_Provided material_:

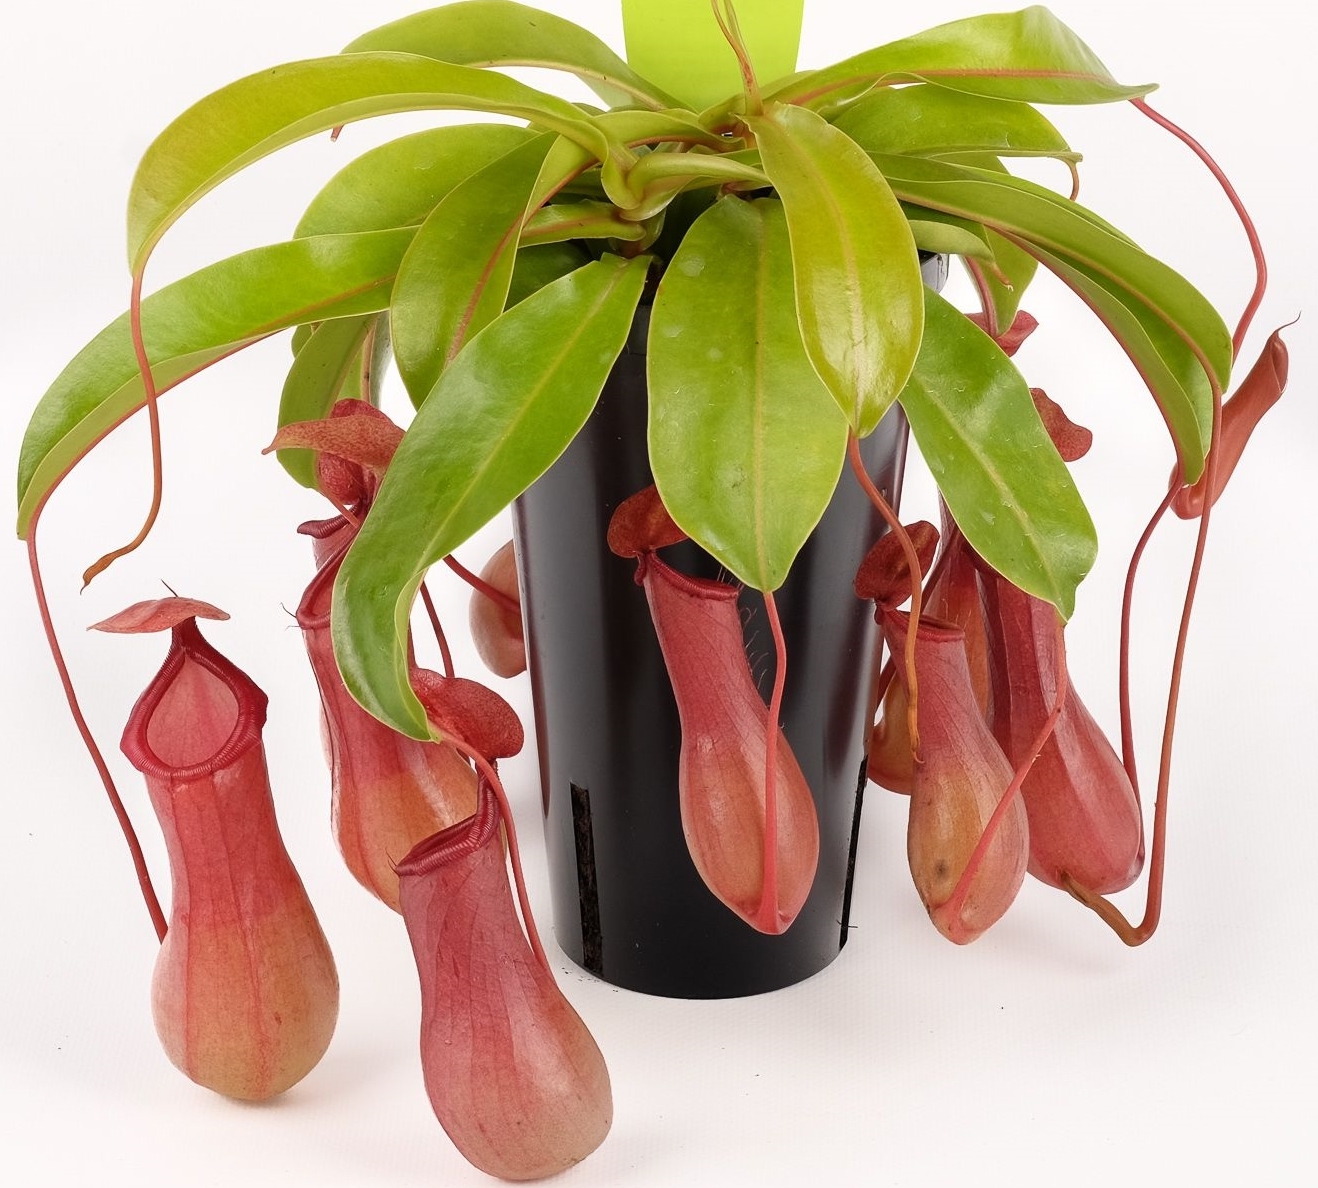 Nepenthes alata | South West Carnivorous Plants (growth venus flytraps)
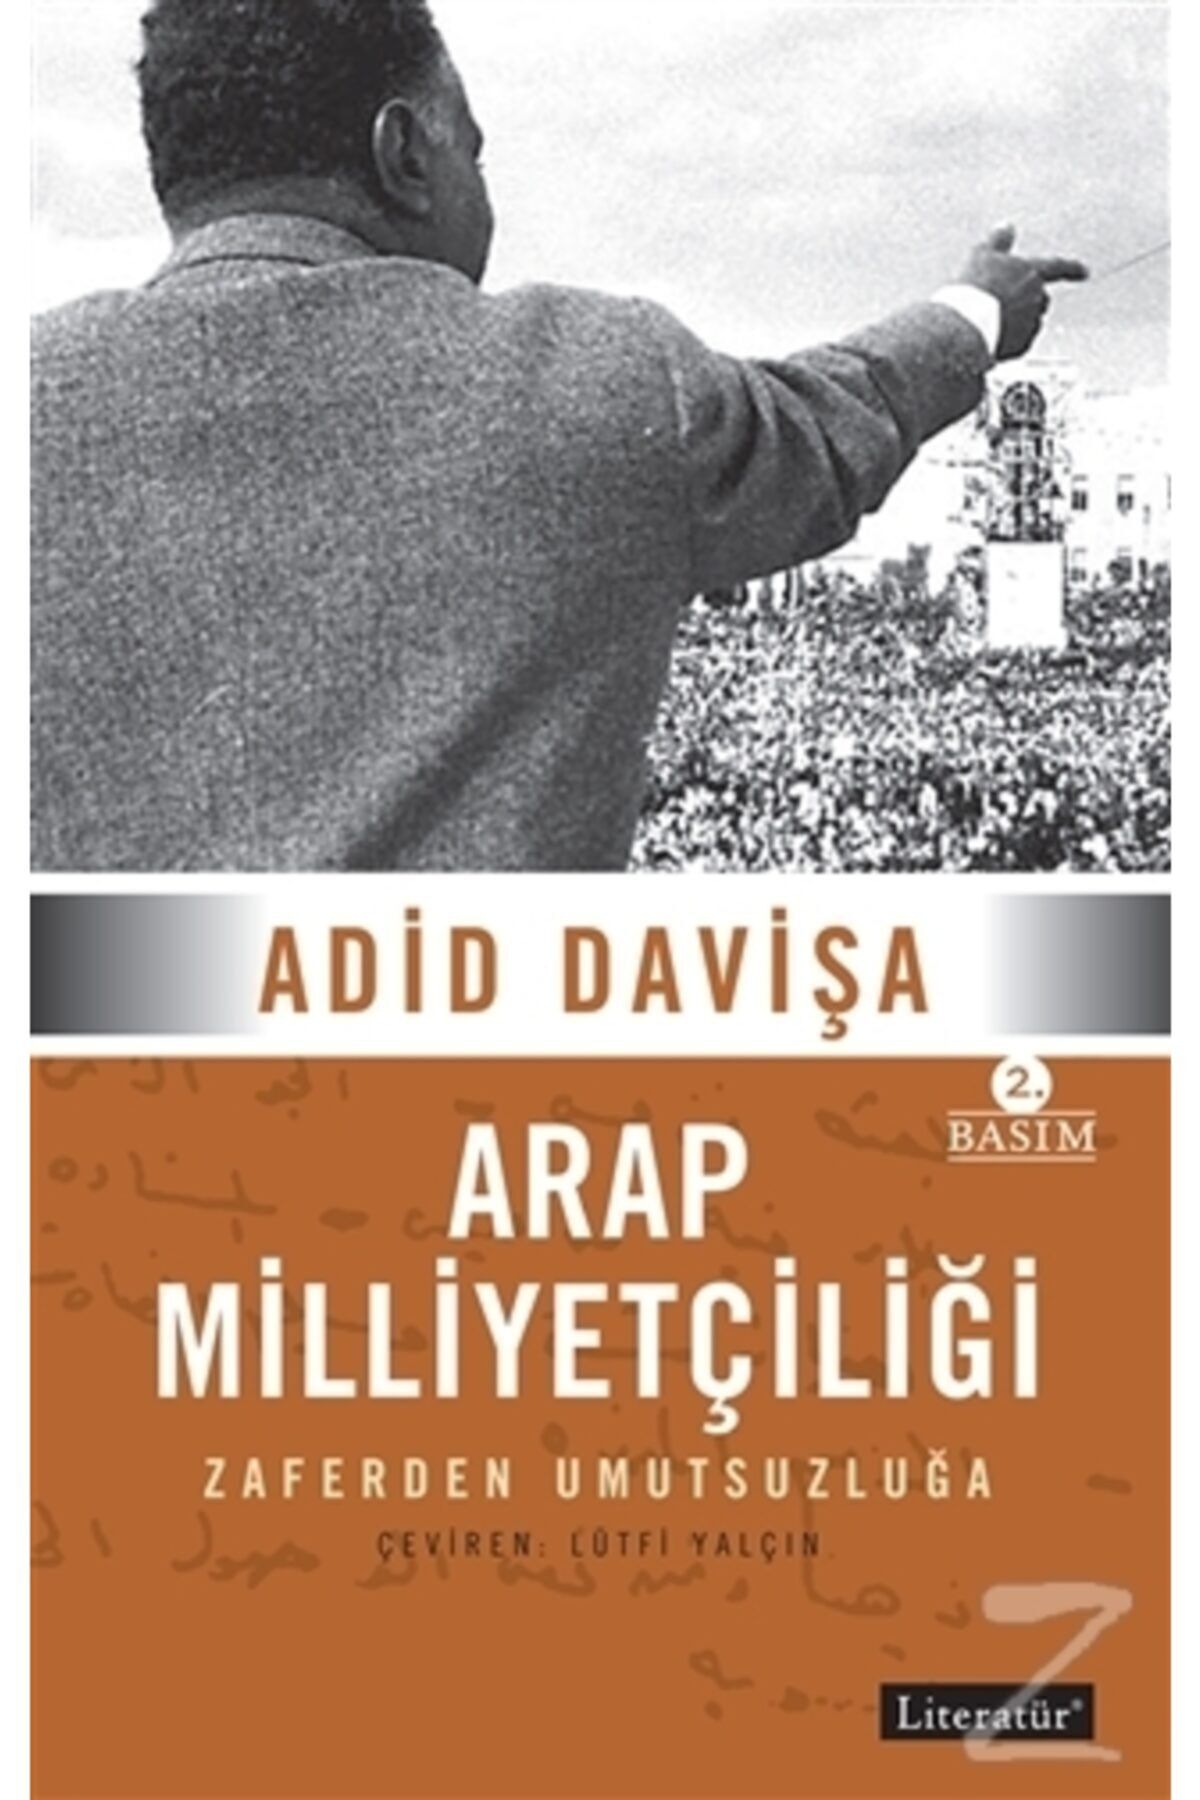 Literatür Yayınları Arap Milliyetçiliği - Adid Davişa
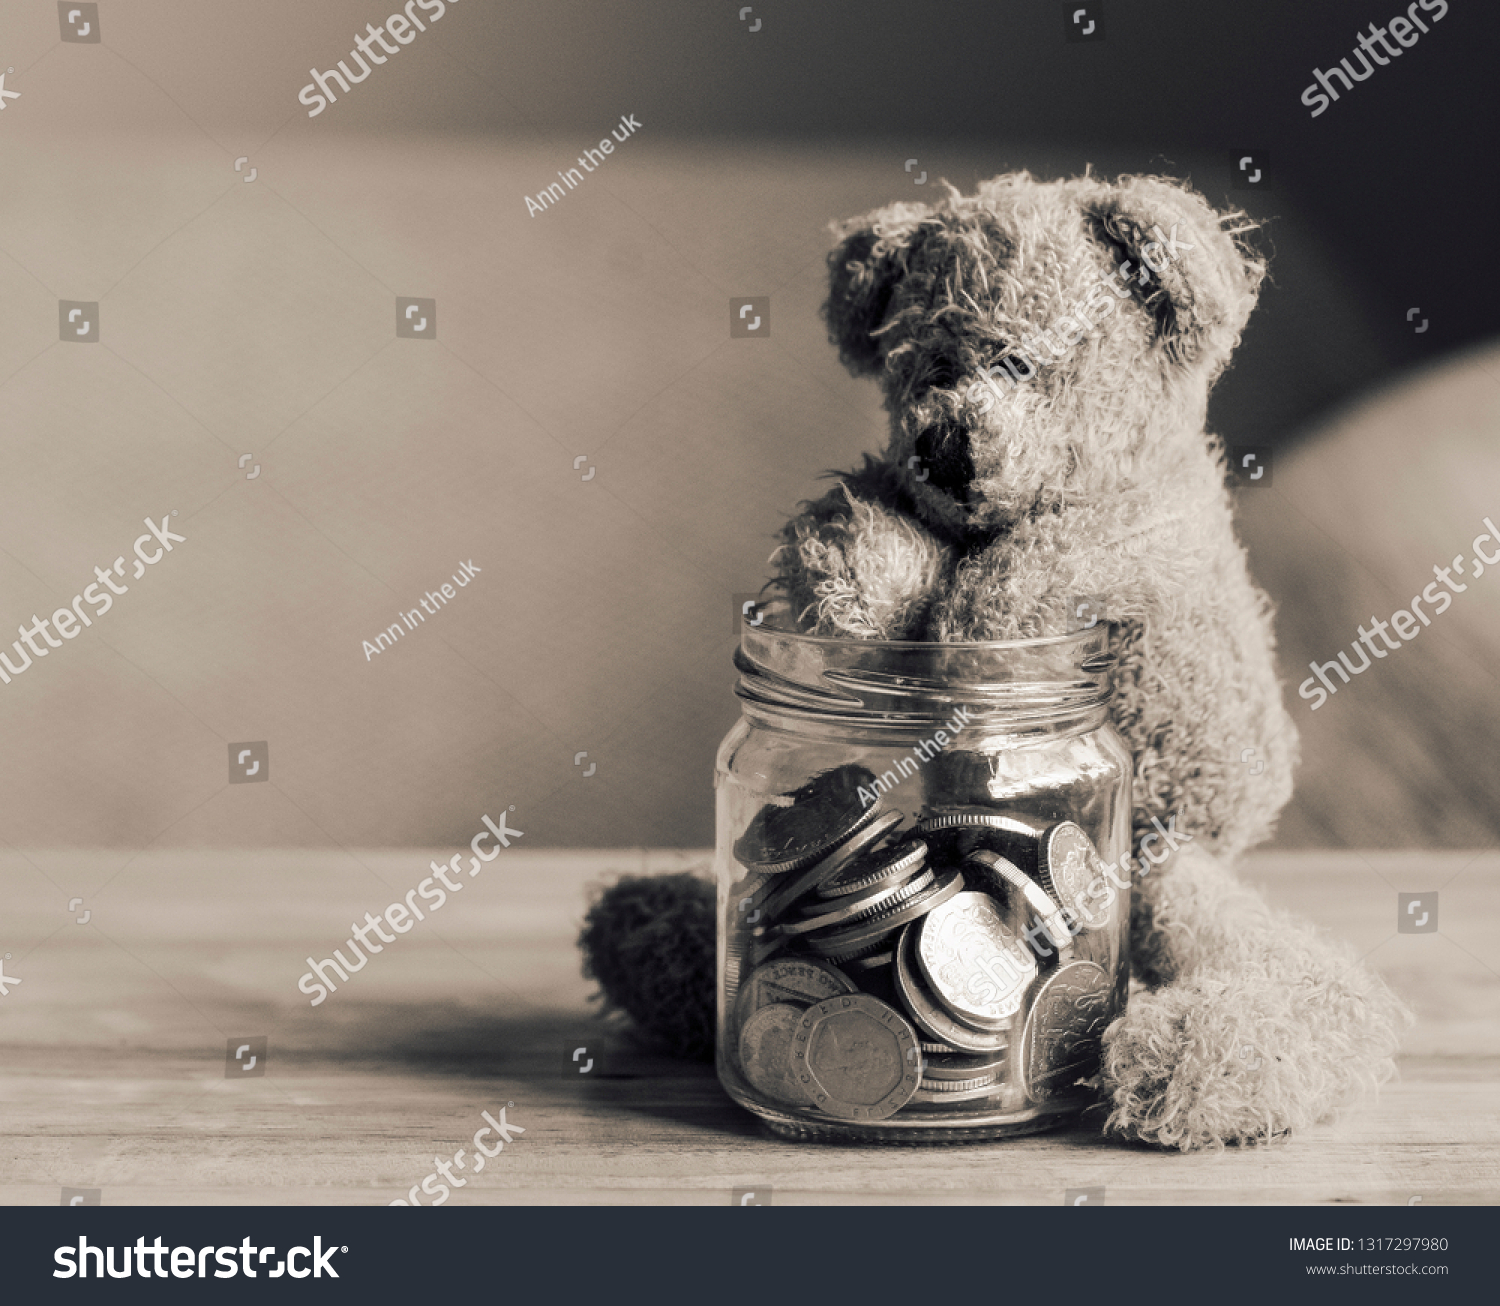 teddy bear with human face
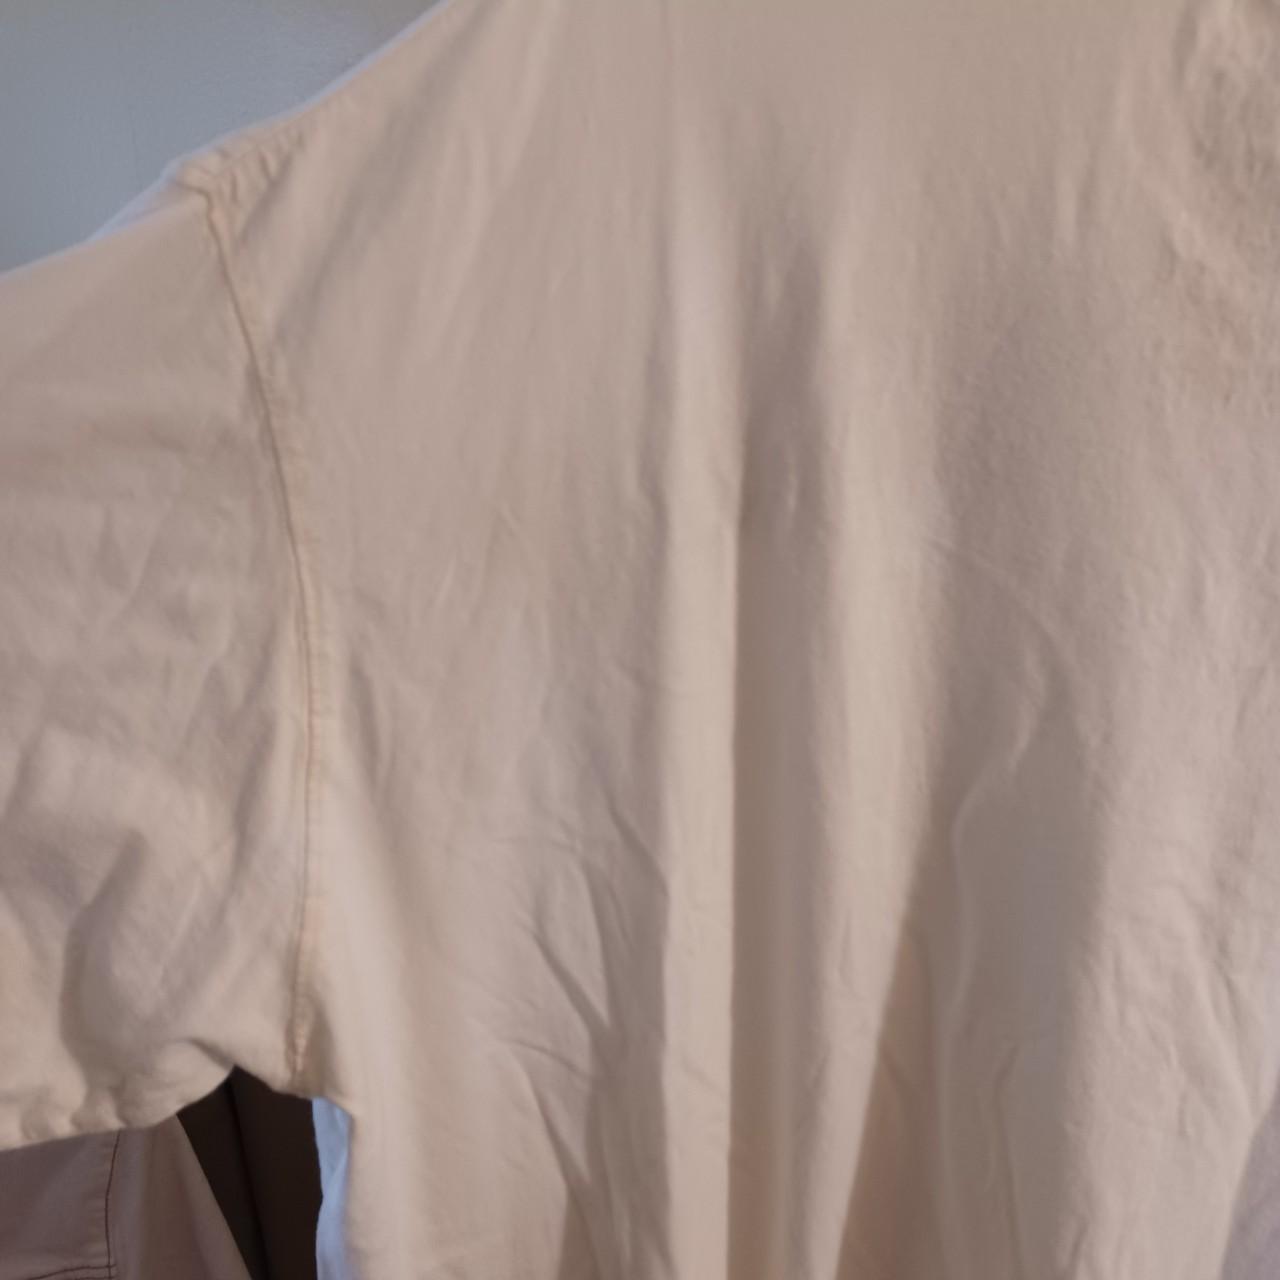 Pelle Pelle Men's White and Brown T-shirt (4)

_Work to complete_: Keep pictures out and return the lines from the one containing "Literatür Yayınları Arap" through the end of the listing, both included, character for character.

_Your solution_:
 Literatür Yayınları Arap Milliyetçiliği - Adid Davişa
 teddy bear with human face
 Pelle Pelle Men's White and Brown T-shirt (4)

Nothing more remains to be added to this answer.